For the case of gradient boosting, this can be done by fitting a tree $g(\cdot~;\theta)$ with parameters (i.e. choice of predictors and splits) $\theta$ that models the pseudo-residual $\mathbf{r}$. Then descending down the gradient by a step-size of $\epsilon$ is done by adding $\epsilon \cdot g(\cdot~;\theta)$ to the existing model. ^c704ca
## Residuals and MLE
*Maximum likelihood estimators take a different approach similar to generative models*, prescribing the responses' distribution $f(\mathbf{y} \,|\, \mathbf{x}, \theta)$, and trying to minimize the [[Deviance]], given by $D(\mathbf{y};\mathbf{x},\theta):= -2\mathrm{log lik}(\mathbf{y};\mathbf{x},\theta)=-2\log f(\mathbf{y}\,|\,\mathbf{x},\theta).$Assuming independence, this further simplifies into $D(\mathbf{y};\mathbf{x}, \theta)=-2\sum_{i}\log f(y_{i}\,|\,x_{i}, \theta).$If we interpret [[Distance between Data Point and Distribution|deviance as the distance between the distribution and the data]], MLE is just finding the distribution that is the closest to the dataset.
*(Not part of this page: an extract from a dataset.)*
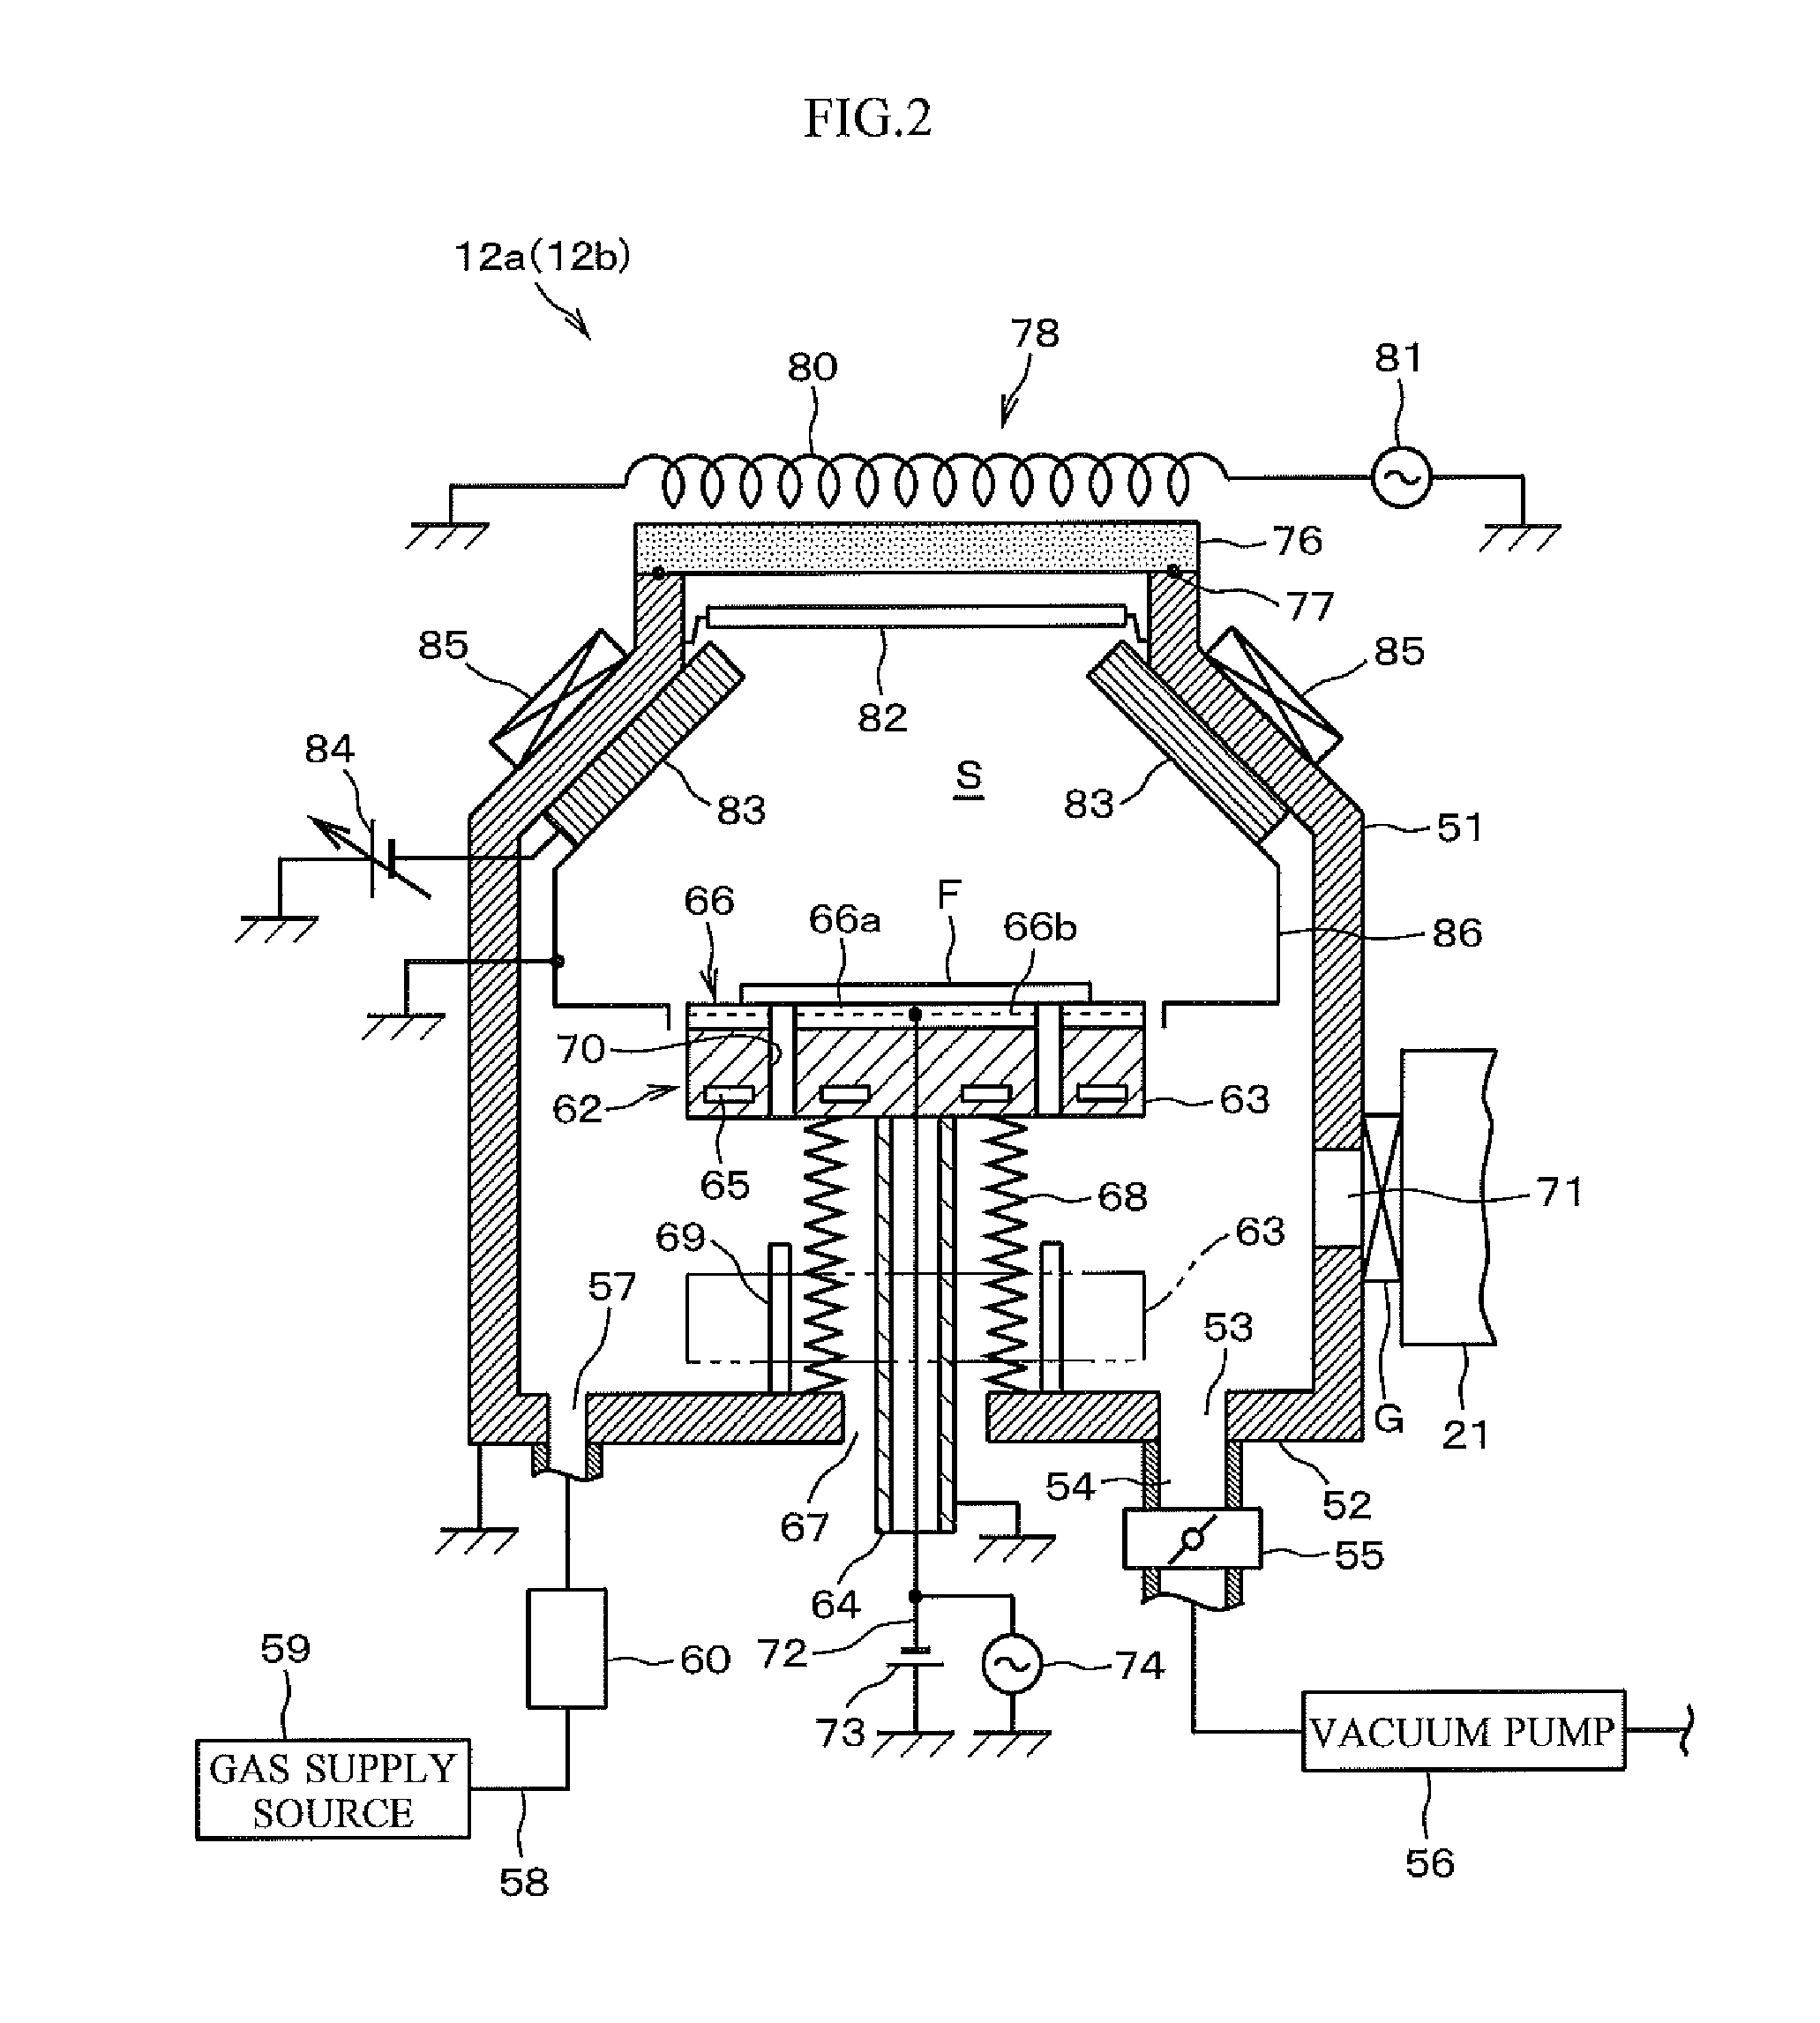 Copper wiring forming method, film forming system, and storage medium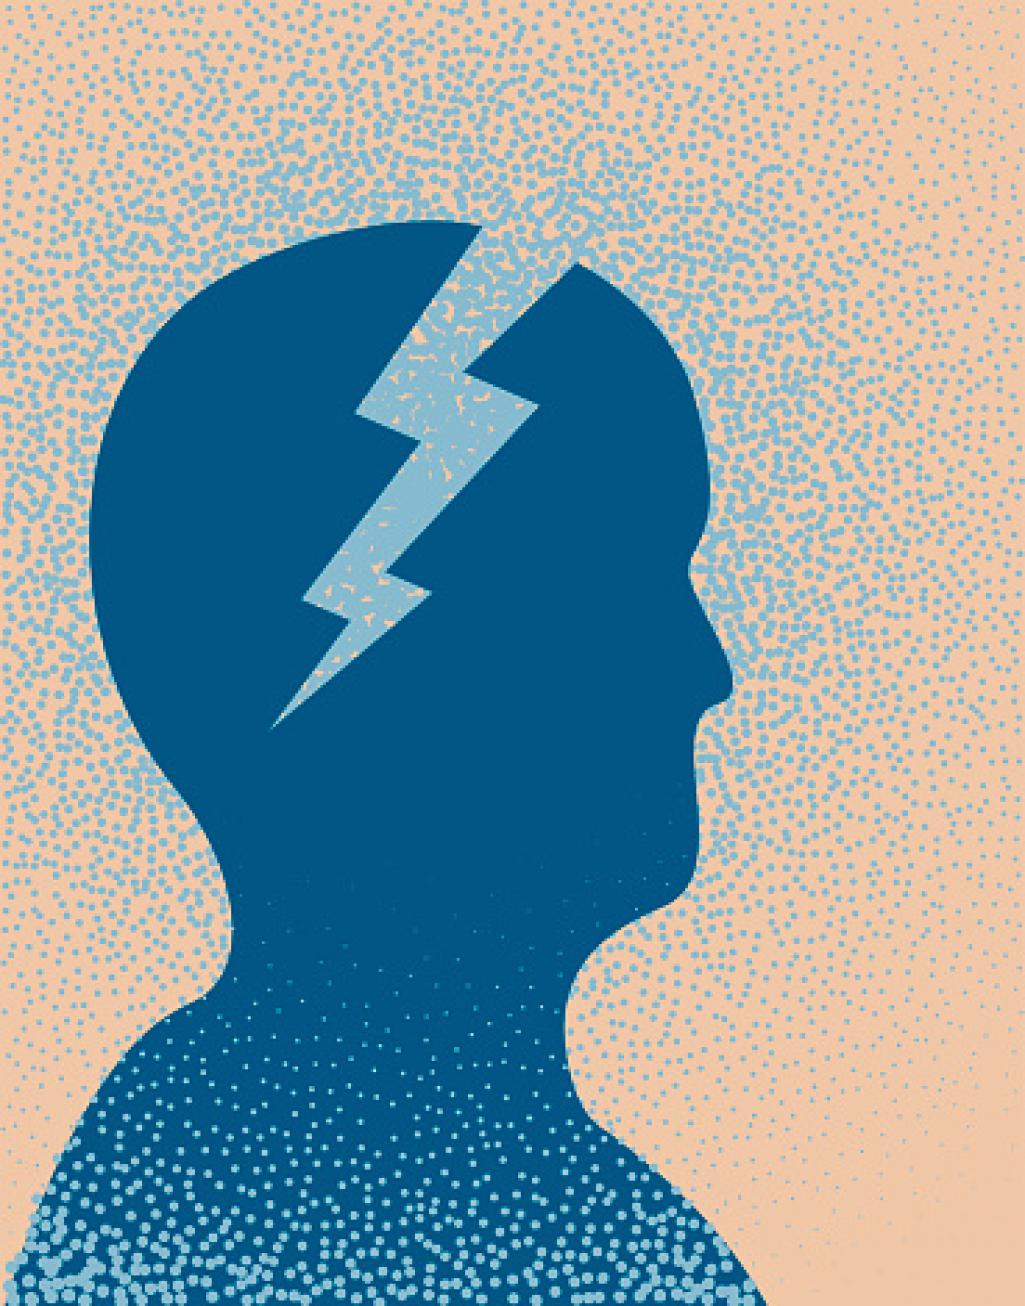 Illustration of a blue head split with lightning against an orange background. Image by Getty Images / porteador.

However, *with the correct choice of losses, the residual-based learners can be recasted to solve the MLE*: namely with $\begin{align*}
L(\mathbf{y},\hat{\mathbf{y}})&:= D(\hat{\mathbf{y}};\mathbf{x},\theta),\\[0.8em]
\nabla_{\theta}L(\mathbf{y},\hat{\mathbf{y}})&= -2\sum_{i}\nabla _{\theta}\{\log f(y_{i}\,|\,x_{i},\theta)\}\\
&= -2\sum_{i} \frac{\nabla _{\theta}f(y_{i}\,|\,x_{i},\theta)}{f(y_{i}\,|\,x_{i},\theta)}.
\end{align*}$
When the [[Deviance#Deviance and Regression Losses|deviance can be made equivalent to common losses]], this is equivalent to classic optimizations using gradient descent.
- For example, regression using MSE is equivalent to finding the MLE model under an additive, homoscedastic Gaussian noise (e.g. [[Inference in OLS#The Gauss-Markov Model|the Gauss-Markov model]]).